Early clinical seizures are a frequent complication of intracerebral hemorrhage (ICH) with an incidence that has varied from 4 to 18 % in prospective cohorts.[14] There are multiple theoretical reasons why seizures may lead to worsened outcomes following ICH including blood pressure variability, increases in intracranial pressure, and neuronal death due to the combination of hyperexcitability and increased metabolic demand. Despite these theoretical concerns, prospective cohorts of patients with ICH have failed to find an independent association between seizures and poor outcome [26]. While reassuring, these studies were limited by small sample size and/or incomplete subgroup analysis.

Though the existing literature has failed to confirm an association between seizures and poor outcome, some practitioners prescribe prophylactic anti-convulsant medications to patients with ICH. There is a conflicting evidence on the impact of prophylaxis although a number of reports have suggested that prophylactic use of anti-epileptic drugs (AED), primarily phenytoin, is associated with worse outcome in this patient population [711]. Recent clinical guidelines have discouraged clinicians from prophylactic use of AEDs in patients with ICH, but practice remains highly variable [3, 8, 12].

The Nationwide Inpatient Sample (NIS) is the largest publicly available all-payer database for inpatient care in the United States, containing data from approximately eight million hospital stays each year. Though lacking in detailed clinical information, this administrative dataset provides a large sample size to explore the relationship between seizures and clinical outcome in a wide range of patient subgroups. We evaluated the association of a secondary diagnosis of seizures on in-hospital mortality after ICH overall and in pre-defined subgroups by patient age, length of stay, and surgical procedures.

Methods

Study Population

For this retrospective cohort study data were obtained from the NIS, Healthcare Cost and Utilization Project, Agency for Healthcare Research and Quality for full calendar year 2006. The NIS is the largest all-payer inpatient database in the United States, representing a 20 % stratified sample of US hospitals. In 2006, the NIS contained data from 38 states.[13].

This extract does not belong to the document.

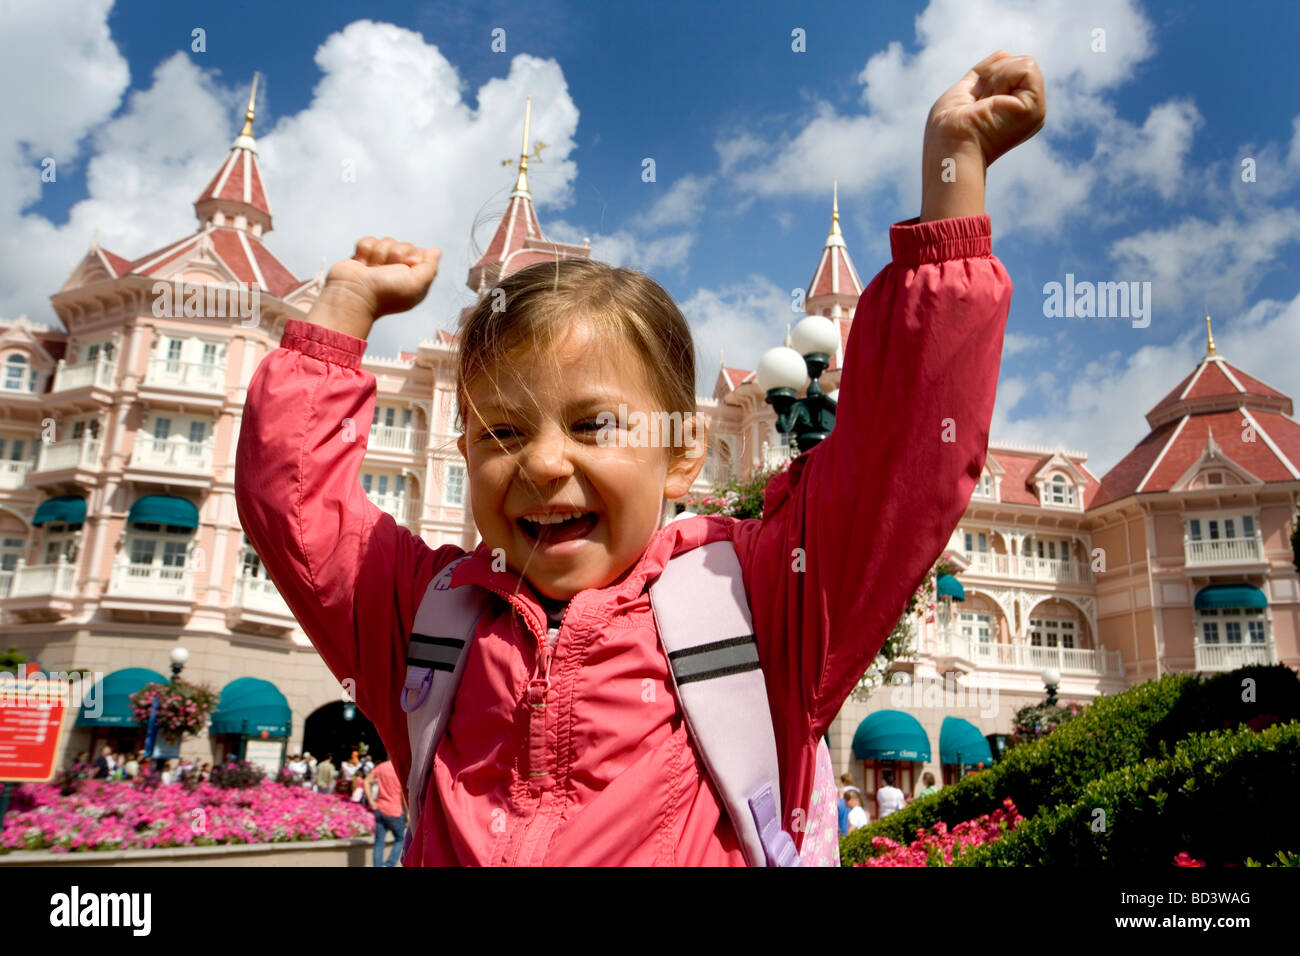 A child shows excitement at the entrance to Disneyland Paris, France Stock Photo

This analysis was limited to discharged patients who were ≥18 years old with a principal diagnosis of ICH (ICD9 code 431). This ICD9 code is estimated to have a positive predictive value >89 % [14, 15]. Subjects with a secondary ICD9 code of arteriovenous malformation (437.3), malignant brain tumor (191.x), skull fracture (800–801), concussion (850), and traumatic ICH (851–854) were excluded.

The primary exposure of interest was seizure, defined using ICD9 codes. ICD9 codes for epilepsy and convulsions (345.xx and 780.3x) have high validity overall [16]. For this study, we defined seizures using an ICD9 coding algorithm of epilepsy (345.0x–345.5x and 345.7x–345.9x) or other convulsions (780.39). We excluded codes for infantile spasms (345.6x) and febrile convulsions (780.31, 780.32). The primary outcome was in-hospital mortality. Length of stay was investigated as a secondary outcome.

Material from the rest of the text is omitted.